Government agencies and private companies – many involved in critical infrastructure industries like utilities, communications companies, and banks – have been subjected to increasing numbers of cyberattacks that raise serious concerns about the Nation’s ability to protect its infrastructure and security. Having failed to convince Congress to pass formal cybersecurity legislation, the President, on February 12, 2013, issued Executive Order 13636 instructing the National Institute of Standards and Technology (“NIST”) of the U.S. Department of Commerce to develop a set of “voluntary” standards and guidelines to address cyber risks by incorporating industry best practices to the fullest extent possible.

On August 30, 2013, NIST released its draft cybersecurity standards for consideration by executives of private sector companies engaged in critical infrastructure. Without identifying specifically which businesses these standards and guidelines are meant to address, it is generally understood that “critical infrastructure” companies include, at least, banks, utilities, energy and communications companies, transportation companies, and, potentially, pharmaceutical and food processing companies.
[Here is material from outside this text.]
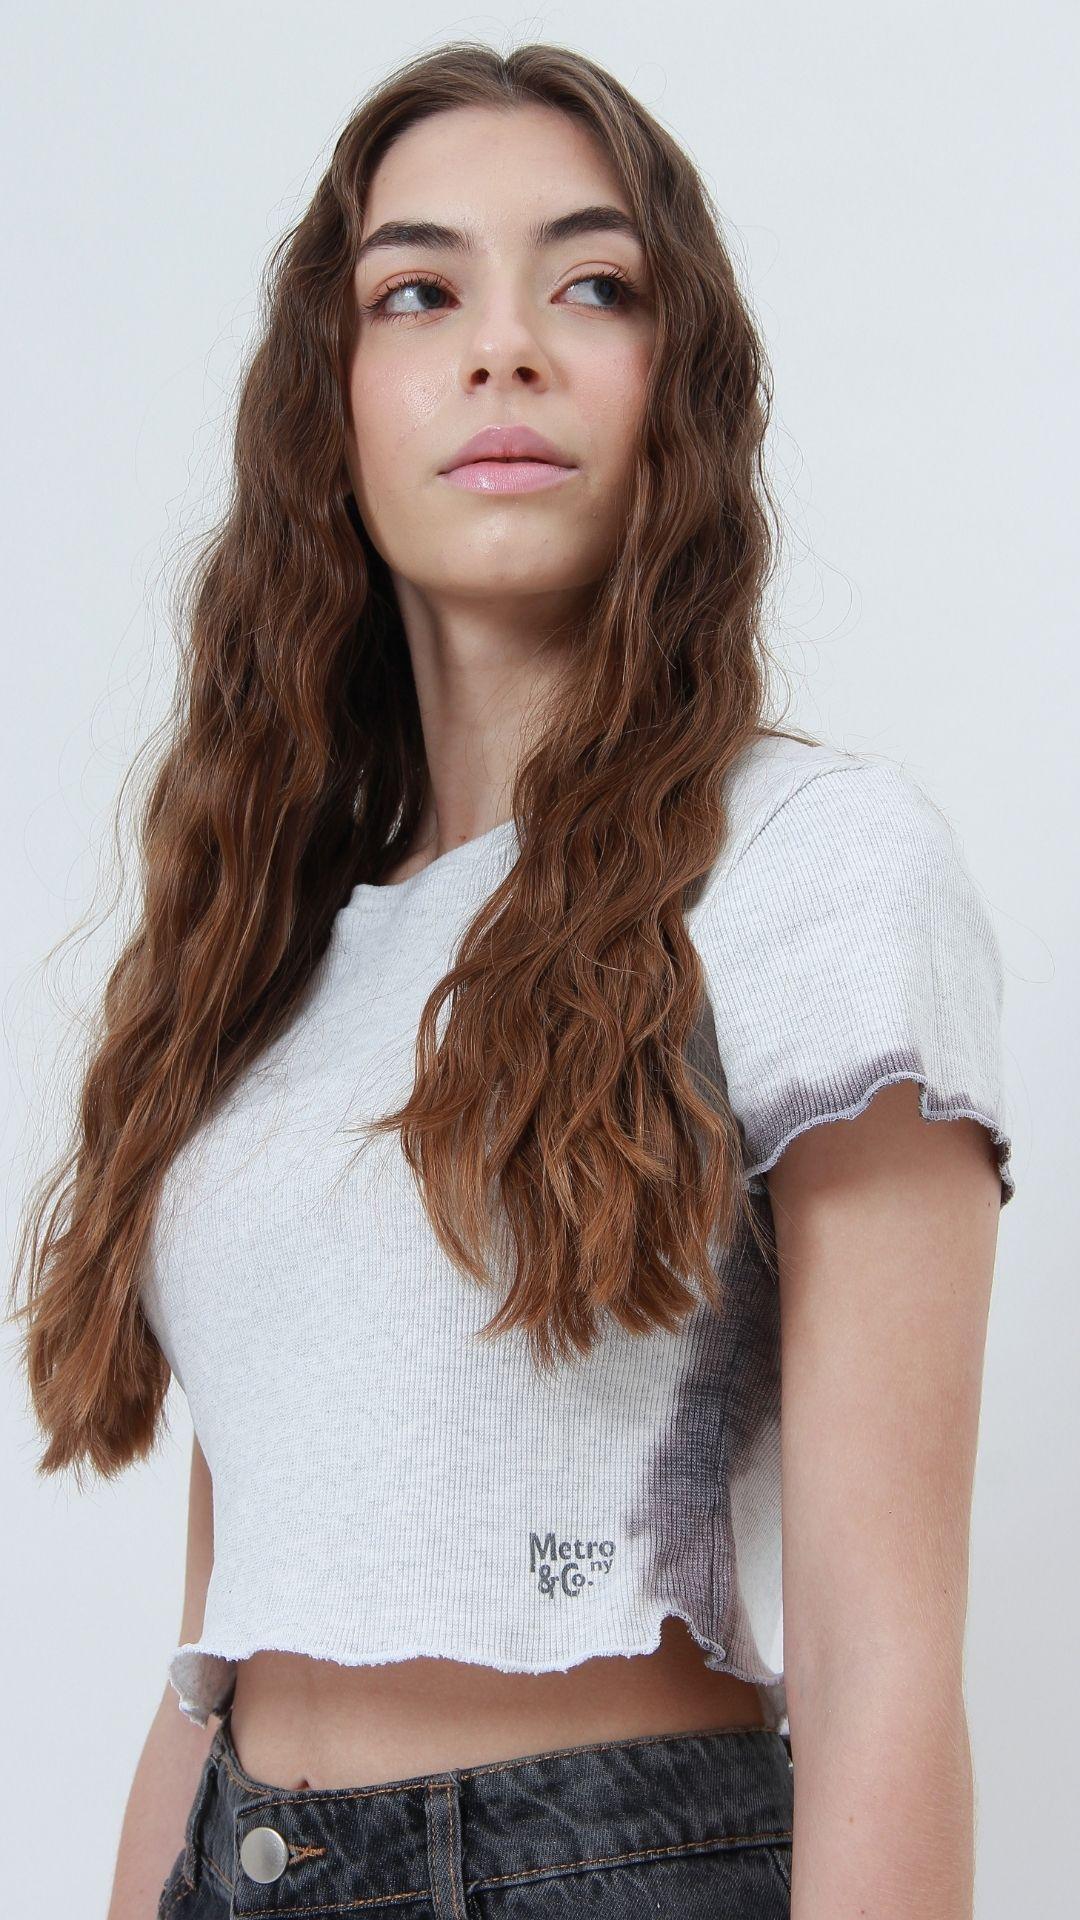 T-shirt Ribbed Dip Dye  - Metro & Co.

The current draft standards are meant to be flexible – there is a general prejudice against “one size fits all” – and to encourage data sharing between private industry and the government about actual and potential risks.

In the absence of a legislative mandate, the Administration has suggested ways by which private companies would be encouraged to participate in establishing in their own cybersecurity safeguards. Potentially, some such safeguards could be implemented by Executive action: for example, the White House has suggested making adoption of NIST’s Cybersecurity Framework a condition for grants or other forms of technical assistance. The Defense Department already has in place its Defense Industrial Base Cyber Security/Information Assurance (DIB CS/IA) Program to encourage information sharing and reduction of cybersecurity risk among defense contractors. Other White House suggestions for encouraging adoption of cybersecurity standards, such as reduced tort liability, lower burdens of proof, and creation of a preempting federal legal privilege, will require legislation. Of particular concern to companies involved in critical infrastructure industries is the possibility that NIST’s Cybersecurity Framework standards and guidelines will become the presumptive “reasonable” standards for protecting their companies from cyber-attacks, and failure to adopt and implement such standards may create a basis for tort and contract liability for resulting injury.

NIST invites and encourages industry participation in the development of its cybersecurity standards and guidelines. NIST is sponsoring a Cybersecurity Framework workshop on September 11-13, 2013, at the University of Texas at Dallas, and welcomes comments from anyone.